An "improvement" of 2 points for fatigue could also indicate a worsening, depending on how the CFQ is interpreted (which I've discussed elsewhere).
@Lucibee Table 3 in the supplementary material to Collin and Crawley’s 2017 paper demonstrates exactly the effect you suggest, where a decrease of 2 points on the Chalder Fatigue Questionnaire, used in PACE as indicating improvement in fatigue, can occur when the patient has deteriorated.
The patients who reported themselves “very much worse” (n=11) at 1 year follow-up after specialist treatment had a mean change in their Chalder Fatigue Questionnaire score of -2.27, with 95% CI of -4.77, 0.22.
The patients who reported themselves “much worse” (n=23) at 1 year follow-up after specialist treatment had a mean change in their CFQ score of -0.26, but the 95% CI was -2.81, 2.29.

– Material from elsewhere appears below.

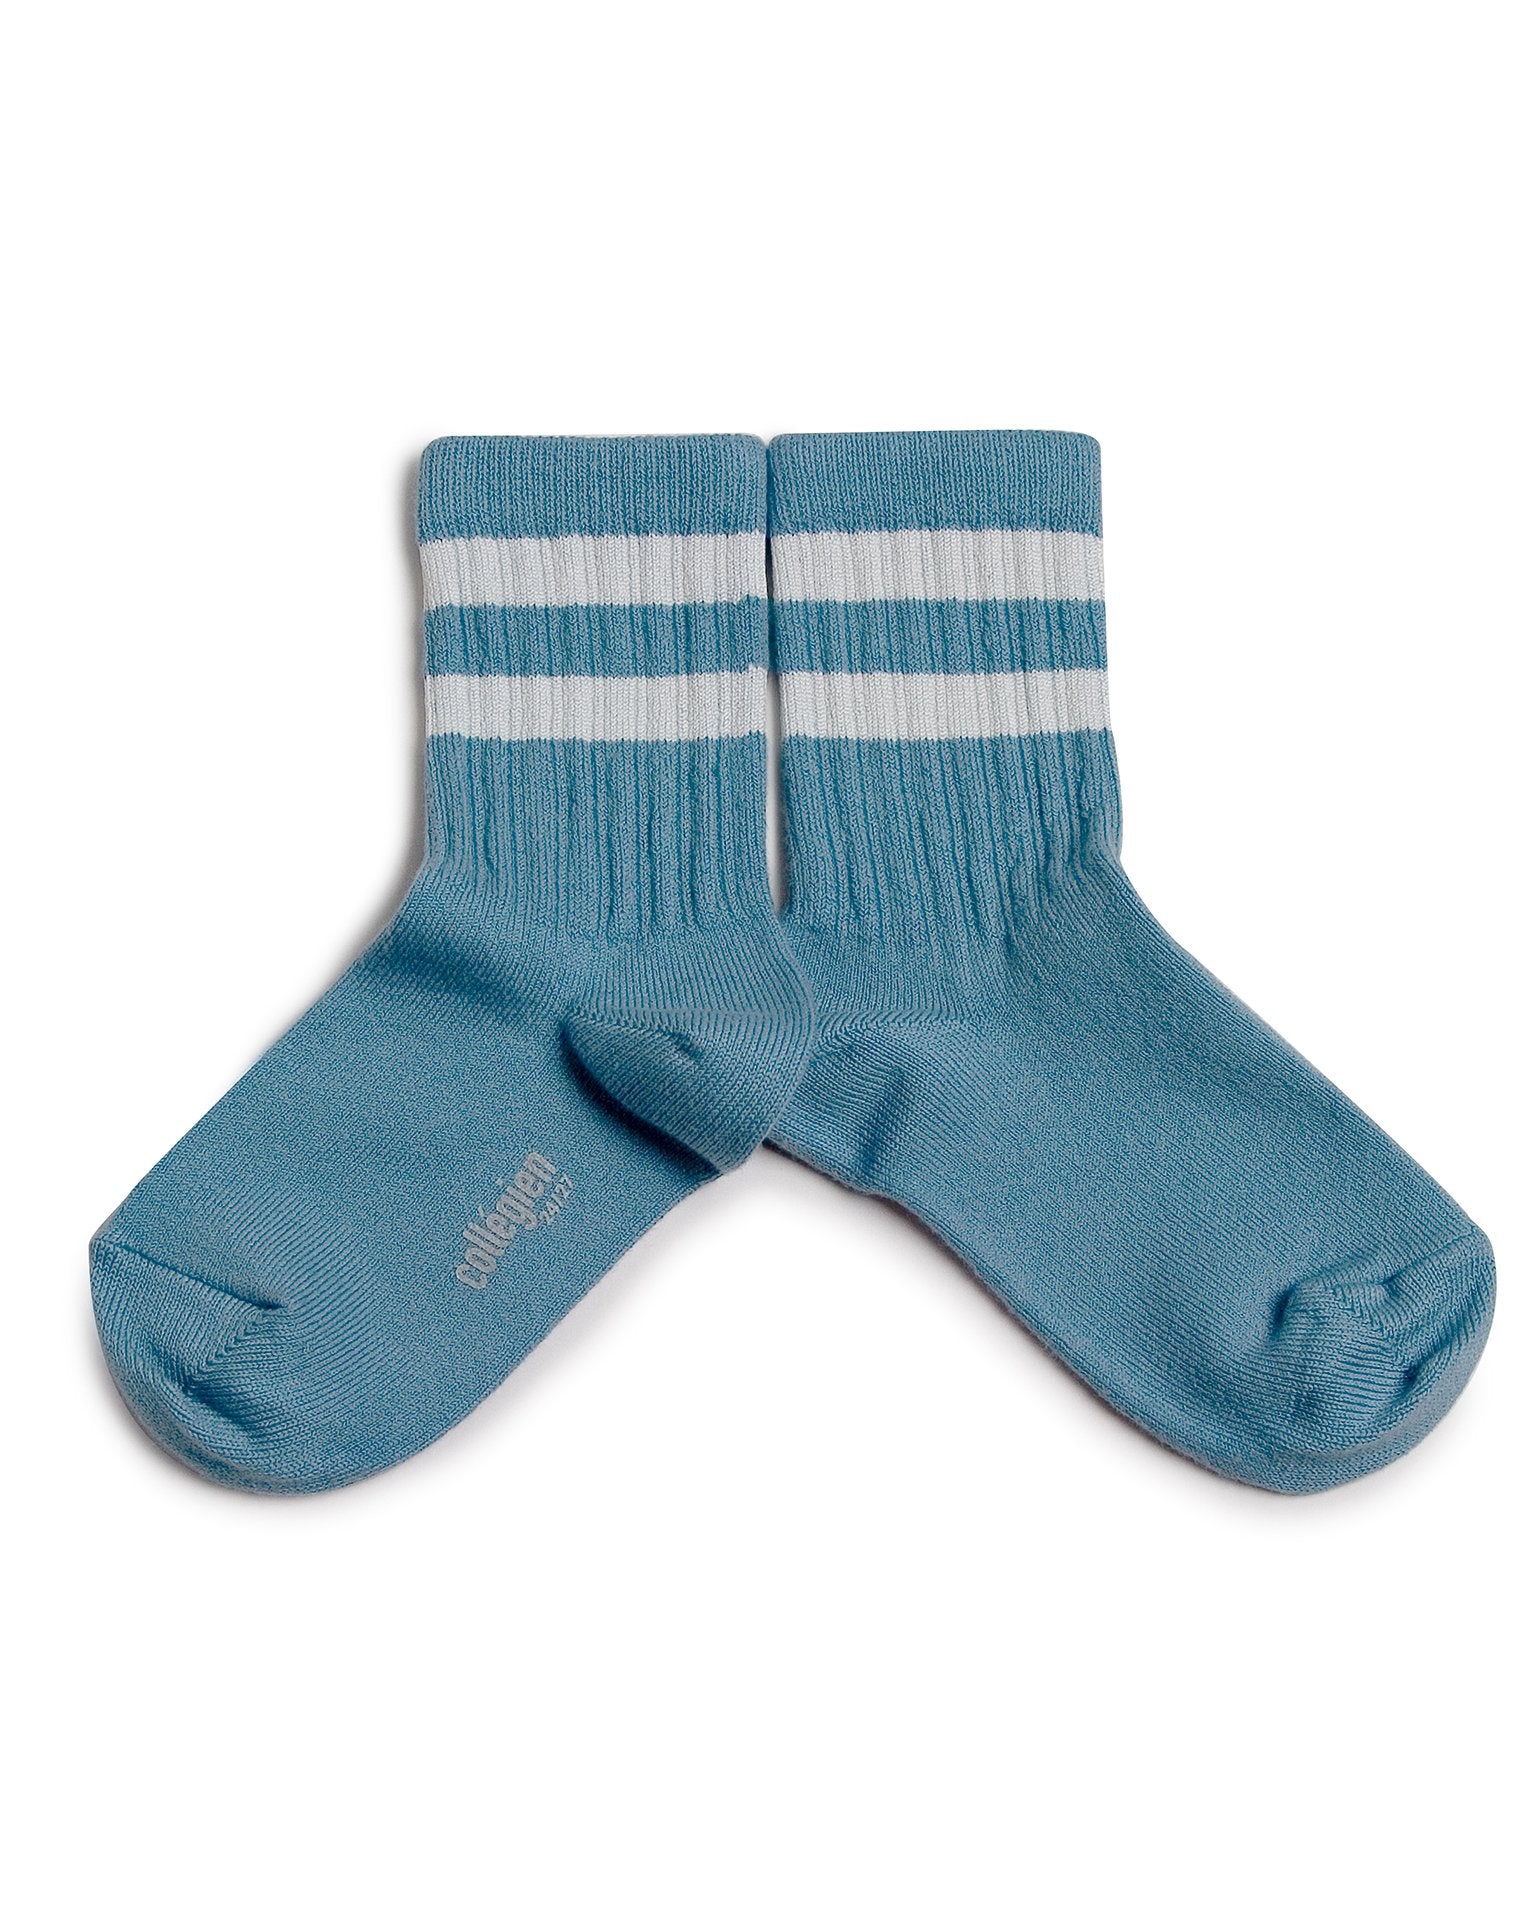 Little collegien accessories ribbed varsity socks in bleu azur

Similarly, the 95% CI for those who reported themselves “a little worse” also includes -2:
The patients who reported themselves “a little worse” (n=51) at 1 year follow-up after specialist treatment had a mean change in their Chalder Fatigue Questionnaire score of -1.24, with 95% CI of -3.08, 0.61.
The patients who reported themselves “no change” (n=65) at 1 year follow-up after specialist treatment had a mean change in their CFQ score of -2.28, with 95% CI of -3.59, -0.96.

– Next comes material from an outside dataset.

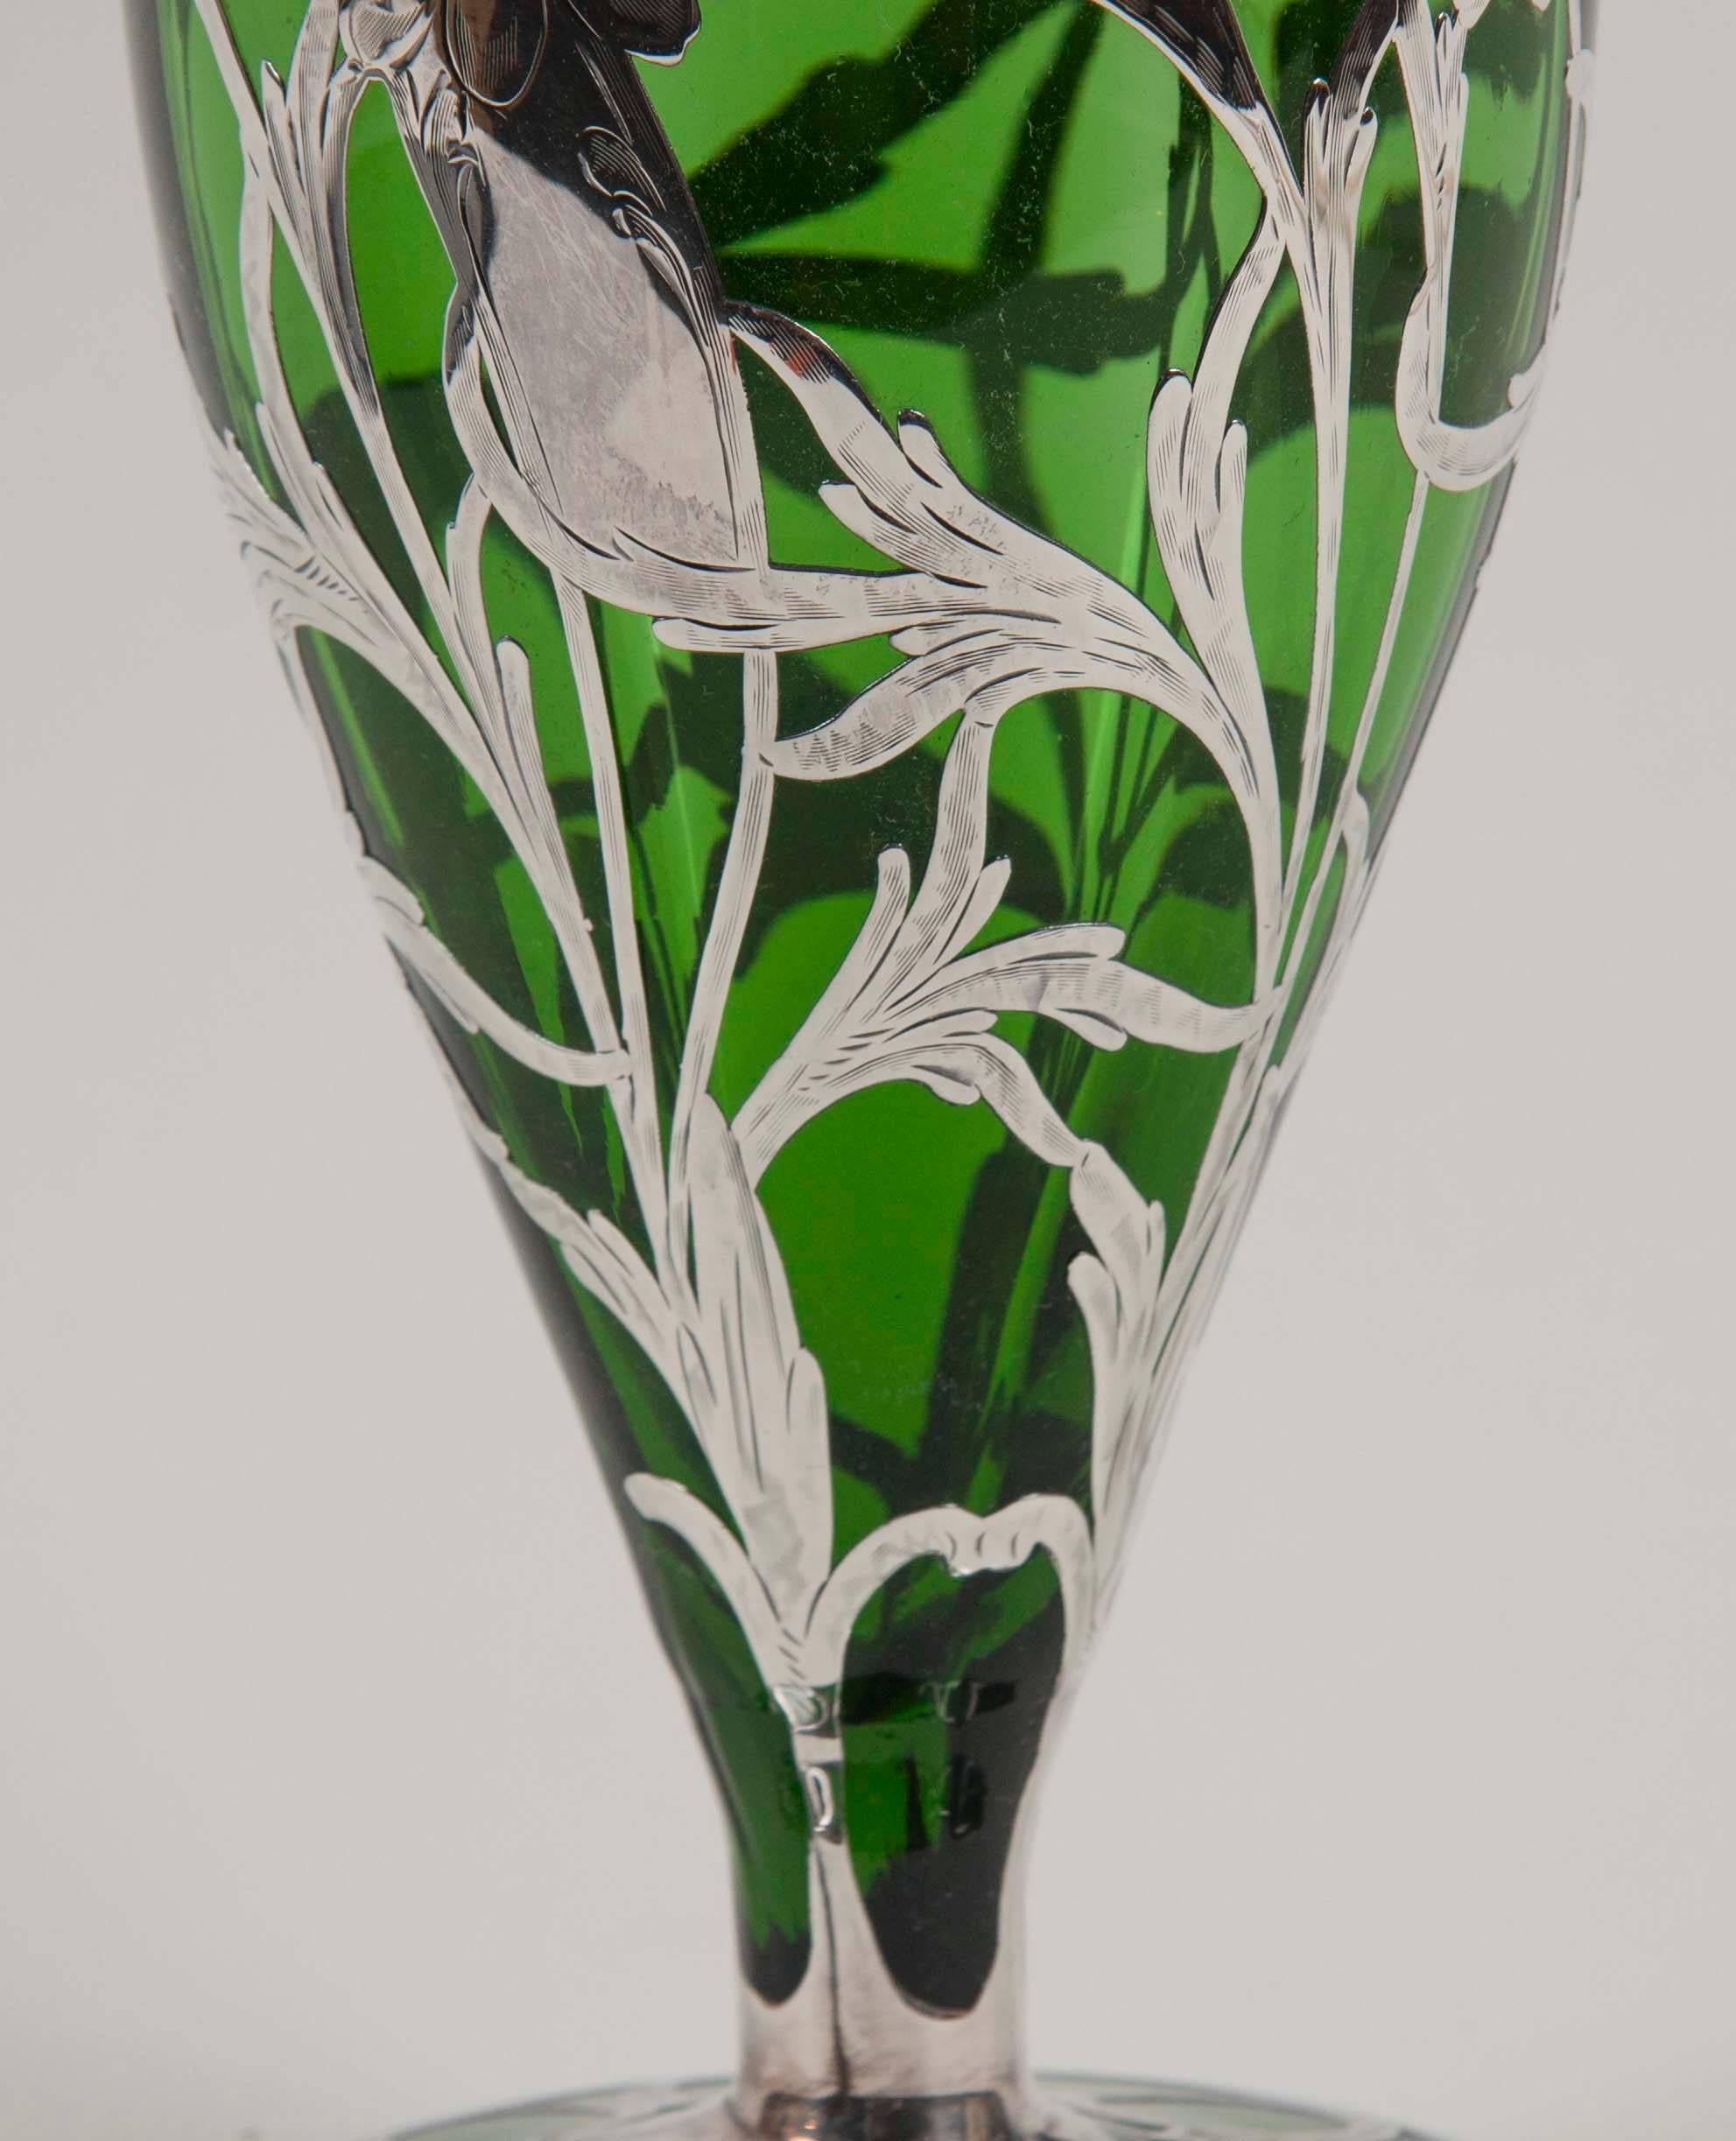 Art Nouveau Alvin Sterling Over Green Glass Vase For Sale At 1stdibs

It is only when patients reported themselves better that we leave the -2 realm, with mean changes in their CFQ scores of:
A little better (n=157) -5.90
Much better (n=92) -11.0
Very much better (n=25) -14.9
I can’t find a way of linking to the supplementary material or copying the relevant row of the table – but it’s well worth a look.
The Collin and Crawley 2017 paper is here:
https://www.ncbi.nlm.nih.gov/pmc/articles/PMC5513420/
Please do check the original source before quoting these figures or interpretation as I have brain fog!

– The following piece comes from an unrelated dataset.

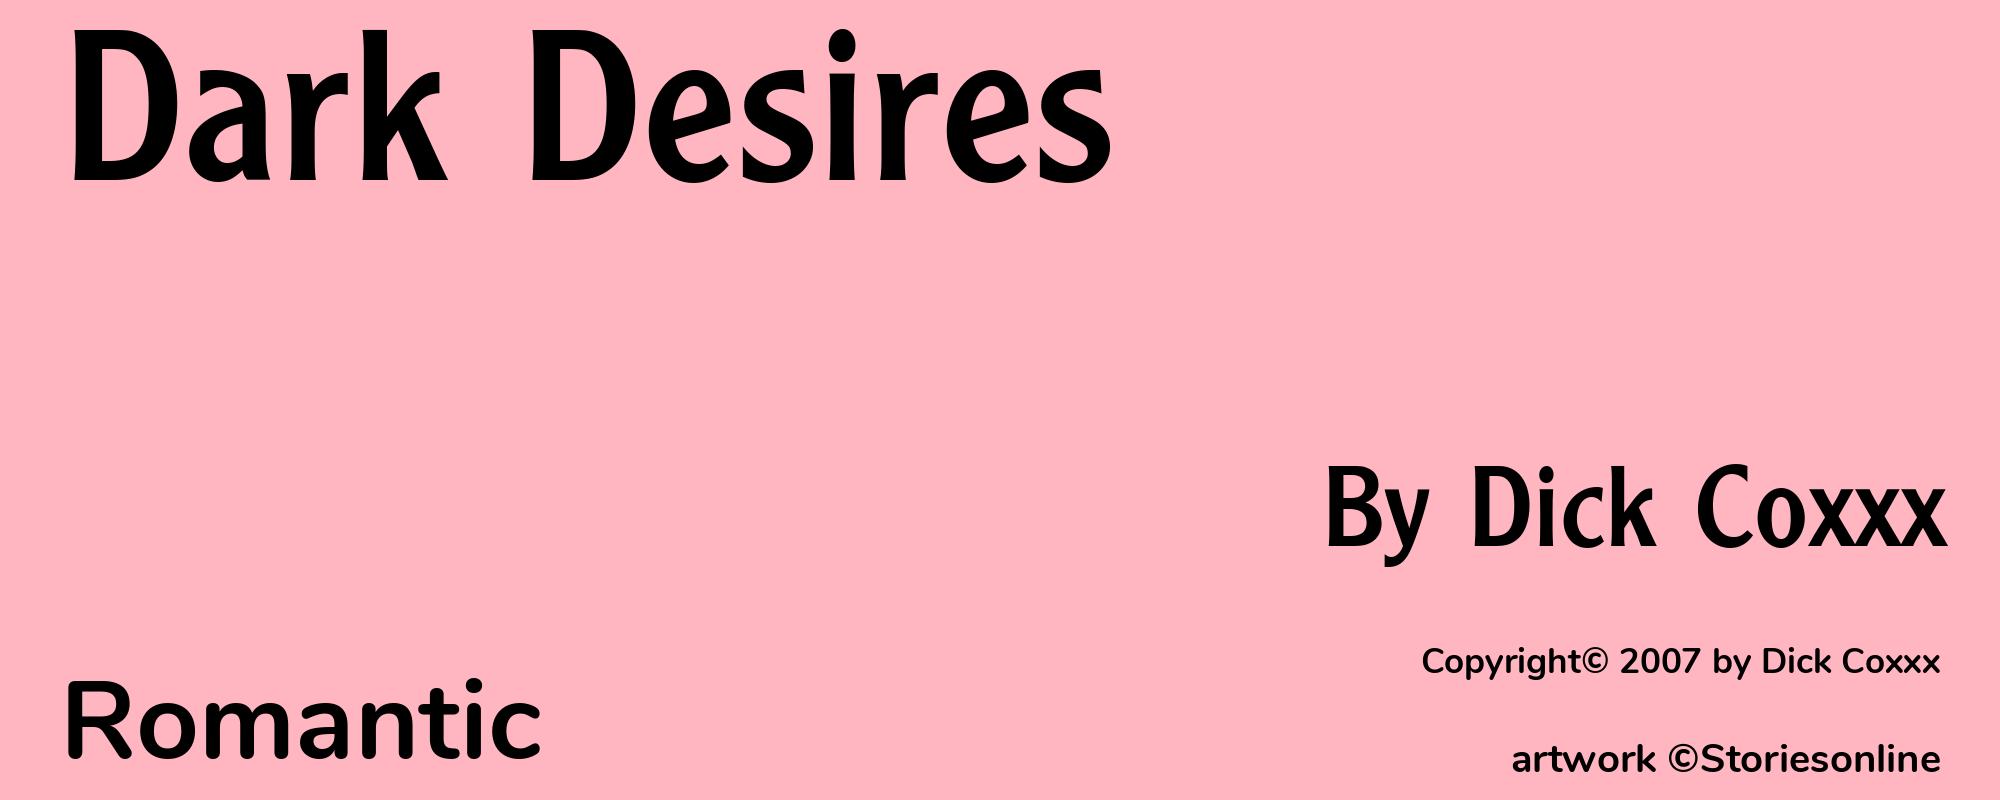 Dark Desires - Cover

Someone with number skills could look at the FOI dataset from PACE and create a table showing how the PACE data compare to this. Mean change in Chalder Fatigue scores at 52 weeks according to patient-rated Clinical Global Impression scores. Any takers? I think we'd expect bigger changes, but the pattern/trend seems likely to be in the PACE data too.